(By Rich Bieglmeier)
Tempur Pedic International Inc. (
TPX) is the third stock from iStock's money flow list. The memory-foam mattress maker's stock has been cold in more ways than one.
TPX has been rough on investors, and some say
your love life.
Last week, TPX experienced $48 million dollars in net buying, or nearly 3% of its market cap. Perhaps the interest can be attributed to short covering as the stock fell out of bed following management cuts to revenue and profit targets.
On June 6th, the company announced that it expects to earn $2.70 per share, down from $3.80 to $3.95, and sales of about $1.43 billion, lower than its previous estimate of $1.6 billion to $1.65 billion.
Following June's unwelcome news, shares dropped from $42 and changed to $22 and change, but the nightmare dates back to April 18th when the stock closed at of $87.26. Today, TPX is trading a touch above $24.
The question now is whether it's time to buy or go to sleep on the stock.
Management has made their choice. Two days after the crash, Tempur Pedic Chairman Andrews McLane purchased $2.8 million of TPX stock. On the same day, the company announced that it was buying shares as a part of its $250 million share repurchase plan, of which about $200 million remains.
It is one thing to spend the company's money, but a whole another thing to put your own money on the line. Unless Mr. McLane is sleepwalking before TPX falls down the stairs again, both moves are public shows of strength and confidence.
Based on the company's current fundamentals, iStock believes the Chairman's and company's money might be well spent. Analysts believe TPX will grow its 2013 top and bottom lines by 7.6% and 12.4%, respectively. Meanwhile, shares are valued at just 7.93% of next year's profits. The discount could make the $2.8 million insider purchase worth more than $4 million (at $36 per share) this time next year.
Another valuation benefit coming from TPX's crash is that you can own shares for $1.03 per share for every dollar the company does in sales per share.

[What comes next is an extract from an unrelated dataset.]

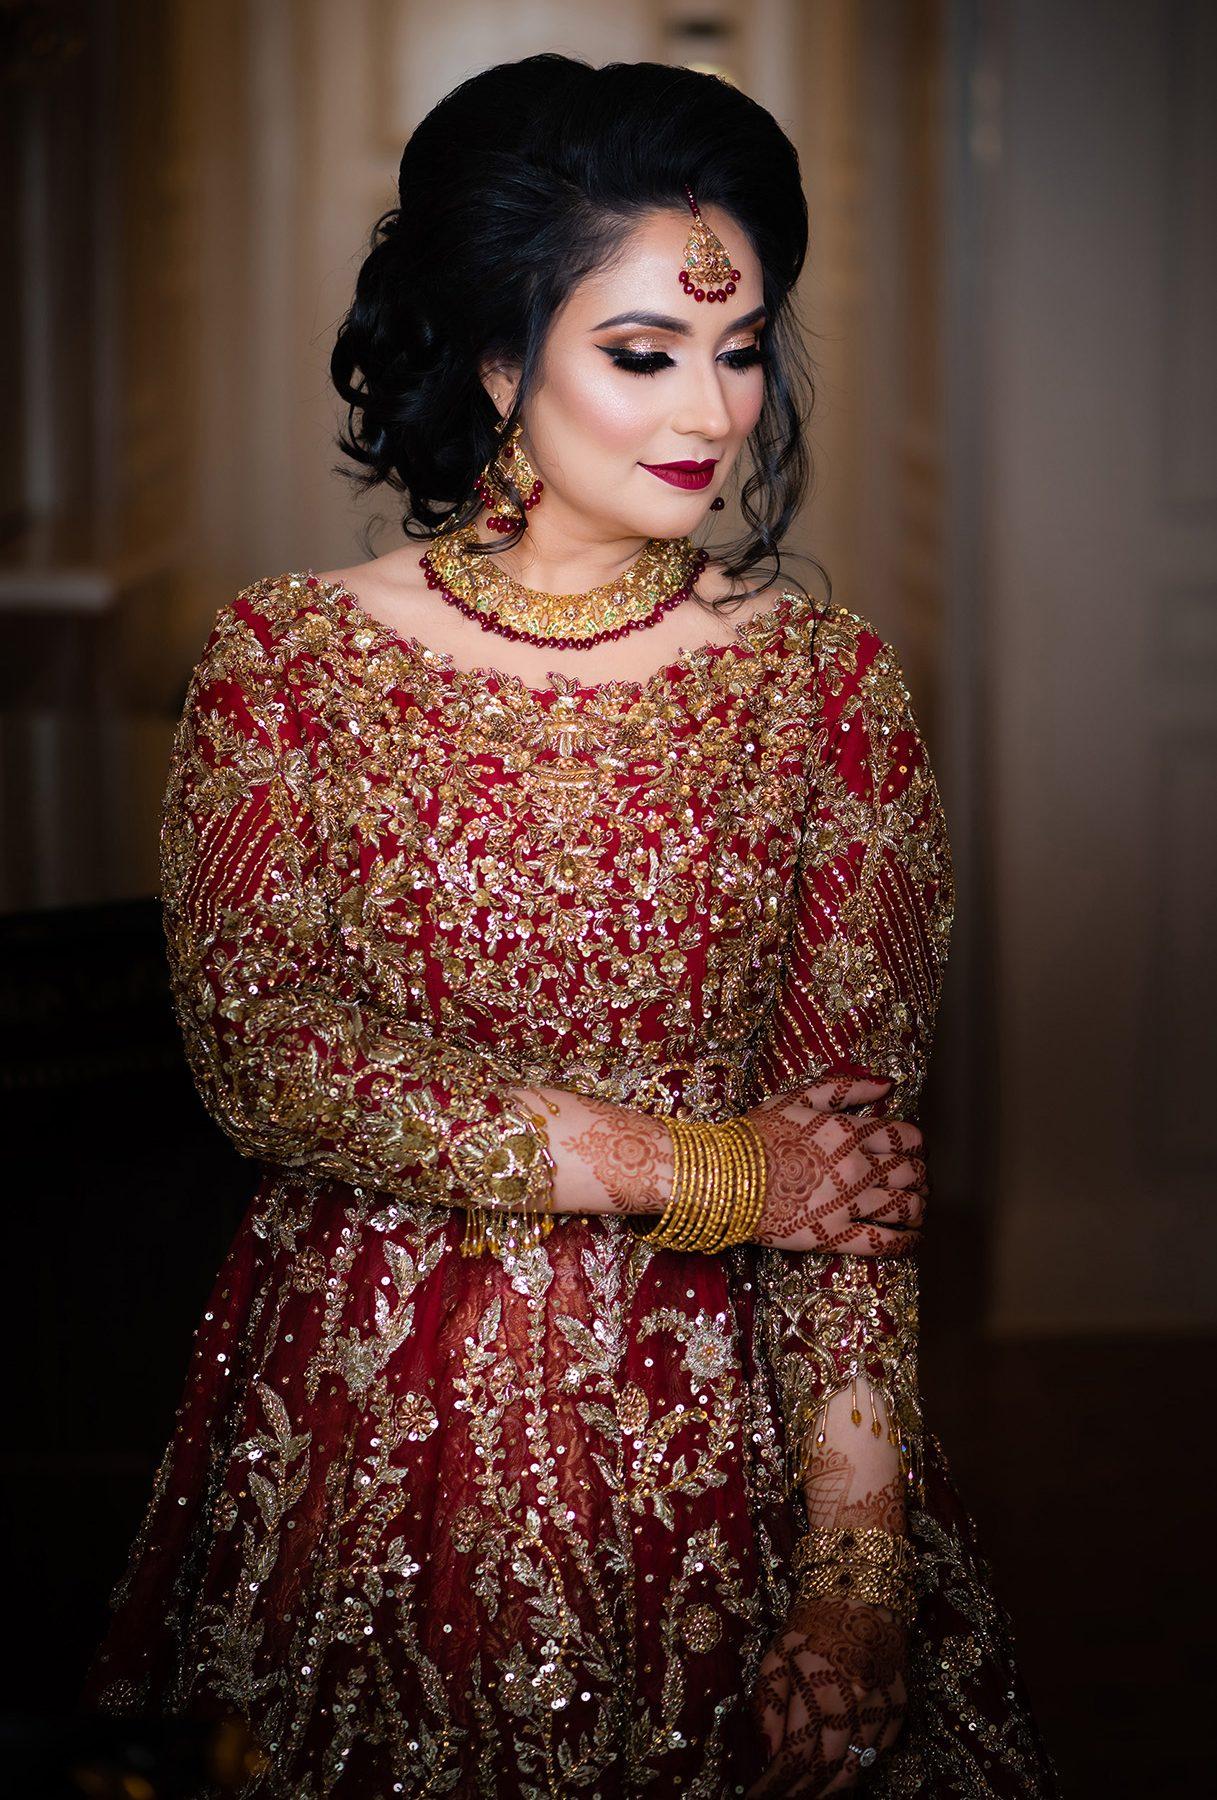 Best-Pakistani-Wedding-Photographer-1217x1800 South Asian Weddings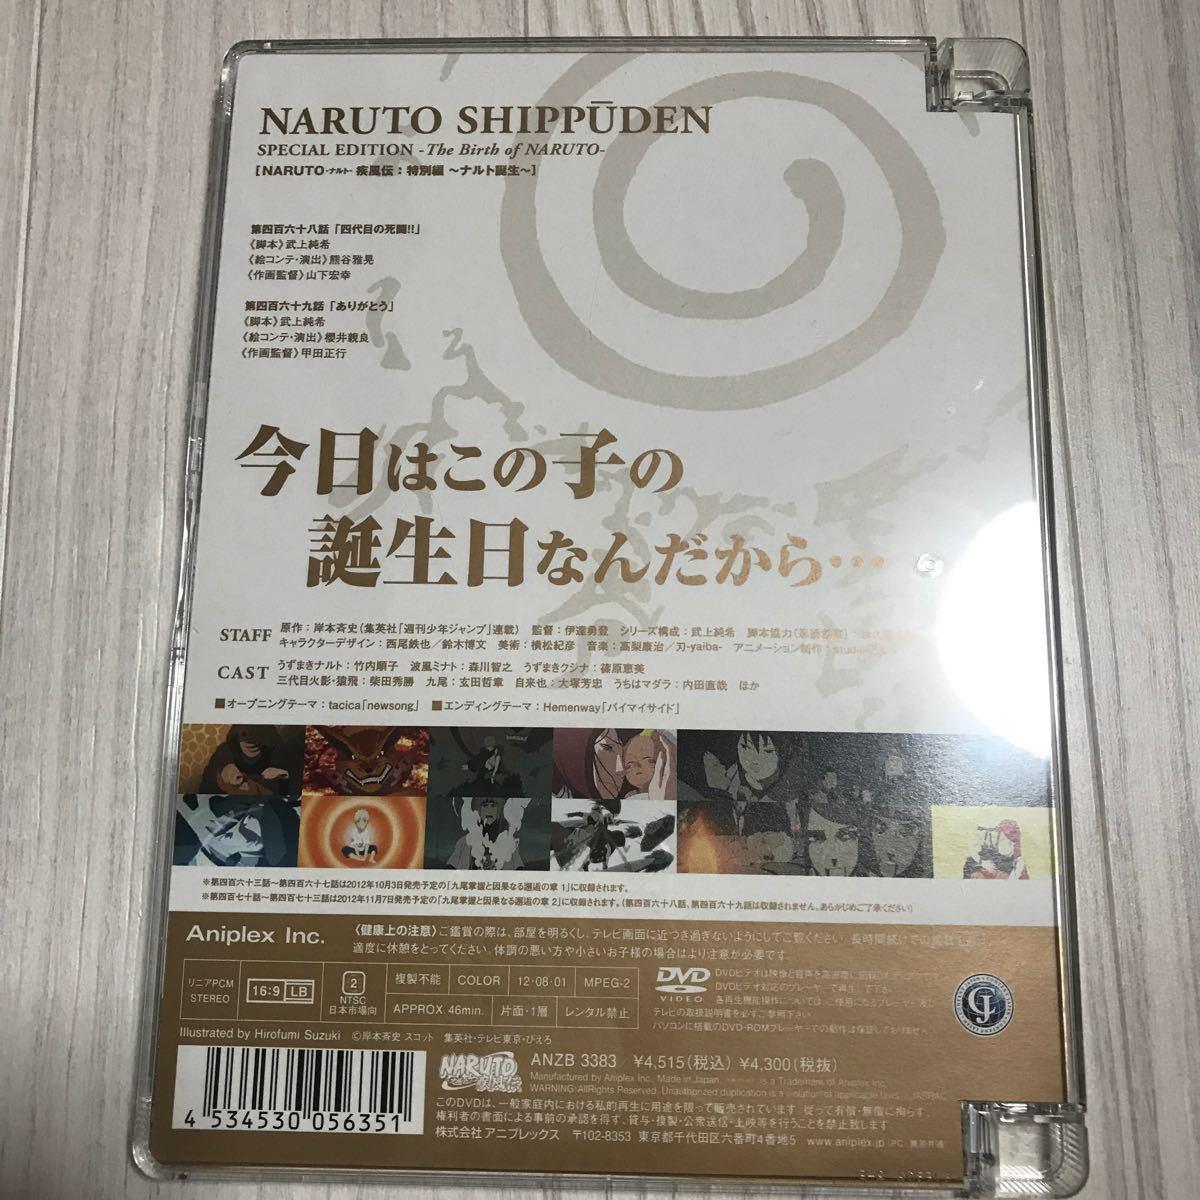 NARUTO-ナルト- 疾風伝 特別編 〜ナルト誕生〜(完全生産限定版)/DVD/ANZB-3383 中古

Just a few weeks ago, the street believed Tempur Pedic was worth more than 4 times sales.
McLane's company still sports much higher margins than the industry average, and management effectiveness remains high based on superior return on assets and equity percentages.
From a chart perspective, iStock would like to see the stock price test its two-time closing low of $22.39 and pivot higher, or close above the gap down open of $26.71, before buying the stock.
While valuations and insider buying give us confidence that Tempur Pedic International Inc. (TPX) is likely to be higher in six to 12 months, we'd rather have the additional comfort of buying at the right time.